Память
Отстроят дома, театры и школы,
пройдут не то что года — века.
Но память останется — как осколок,
застрявший в теле фронтовика.
Чужак
В. О.
Джунгли меня прогнали за то, что я человек; а
человечья стая — за то, что я волк.
Тяжелая ночь, глубокая, как вечный, жестокий океан, в котором тонешь, не можешь, внезапно проснувшись, одолеть эту ошеломительную тяжесть и подняться со дна. Чернота — жгучая, сплошная, без малейшего проблеска, даже окно не угадывается, и тем она похожа на слепоту. Дыхание мучительно сжато, холодным камнем наваливается тишина. Воспоминание о сне сожжено страхом.
Через минуту начинаешь различать звуки — безжалостно мерное тиканье часов: они, как злые жуки, точат ночь, отгрызают от нее секунды, — злобные (или исполненные отчаяния?) рывки ветра, от которого дрожит хрупкое стекло и гнутся за окном деревья. Новая волна липкой удушливой тревоги захлестывает смятенное сознание. Безотчетный, почти звериный страх не дает пошевелиться.
Такое пробуждение — знак: беда с близкими либо с Родиной. Утро подтвердит.
Уснуть больше не удалось. Считал длящиеся, зловеще долгие минуты до рассвета — позднего, тусклого осеннего рассвета, который ничего не исправит, конечно, но хотя бы прогонит мучительную темноту.
К обоим богам взывал: будьте милостивы, не враждуйте, — войной, ценой чужой крови, никто еще не доказал своей правоты.

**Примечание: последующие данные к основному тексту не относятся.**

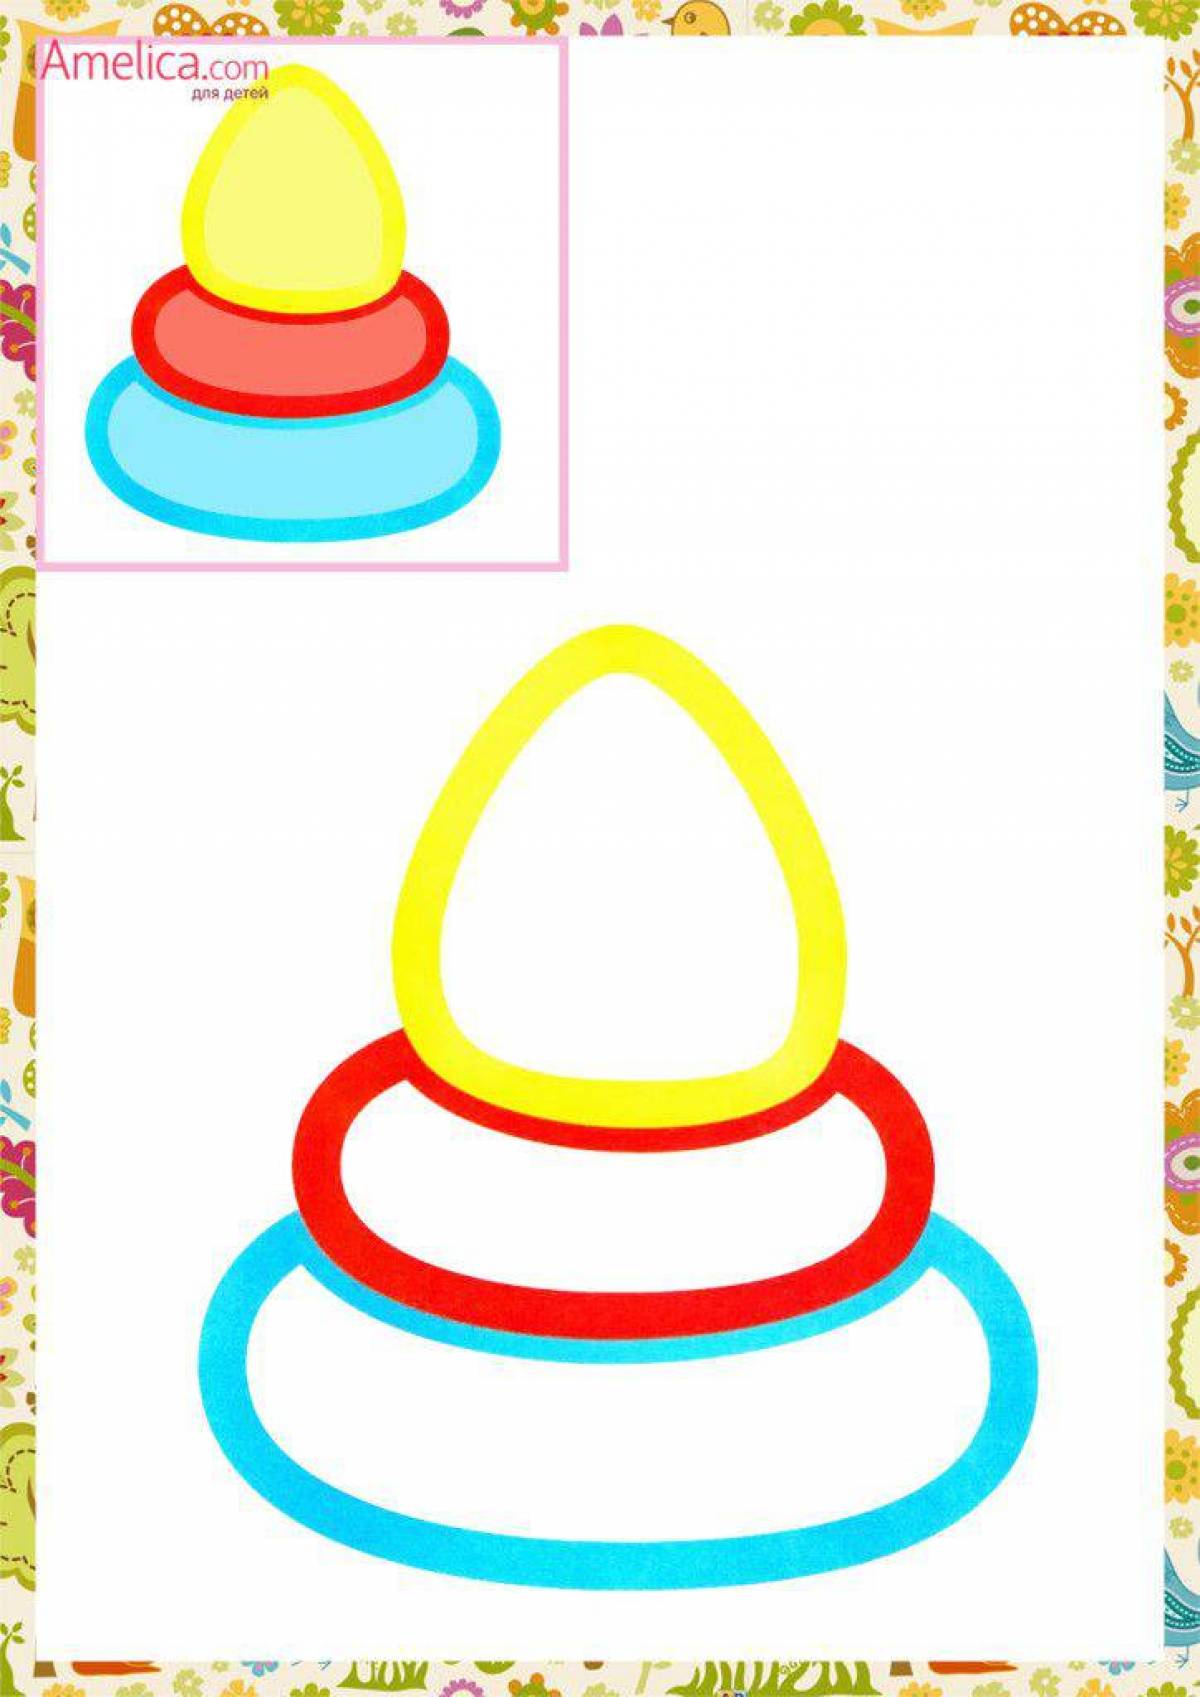 Colored pyramid for kids

Когда встал к окну, — половицы отозвались тревожным, тоскливым скрипом, словно человек был чужим, незваным в этой душной комнате, — звезды умерли, в окно хлынул рассвет, мутно-синий, высветивший резкие черные ветви угрюмых деревьев, костлявыми руками ведьм вцепившихся в беззащитное небо.
В глубине комнаты чувствовалось беззвучное движение — двойник, заключенный в большом зеркале, следил за каждым шагом.
Древняя, скудная земля, — чьим жителям он был чужим и которую, однако, именовал Родиной — и не по вынужденности паспорта, не от тяжести родительской эмиграции, нет, скрытно и остро чувствовал ее Родиной в каком-то потаенном уголке закаленного недоверием и одиночеством сердца, — немного помнила спокойных времен, в столетиями копившейся истории исчисляла их не годами, а днями; даже если страна затихала в зыбком перемирии, в недрах ее тлели раздоры. Это закалило жителей, сделало их смелее и жесточе, наделило чутьем хищника; приучило ко всему, к чему привыкнуть кажется невозможным, и главное — к естественному страху смерти, который уже и страхом быть перестал, переплавившись в странную, злобно-обреченную готовность.
Но сейчас неотвратимо и смертельно, как горный обвал, надвигалась война почище полувековой Кавказской. Распрям последних лет предстояло померкнуть и сравниться с детской игрой в солдатики.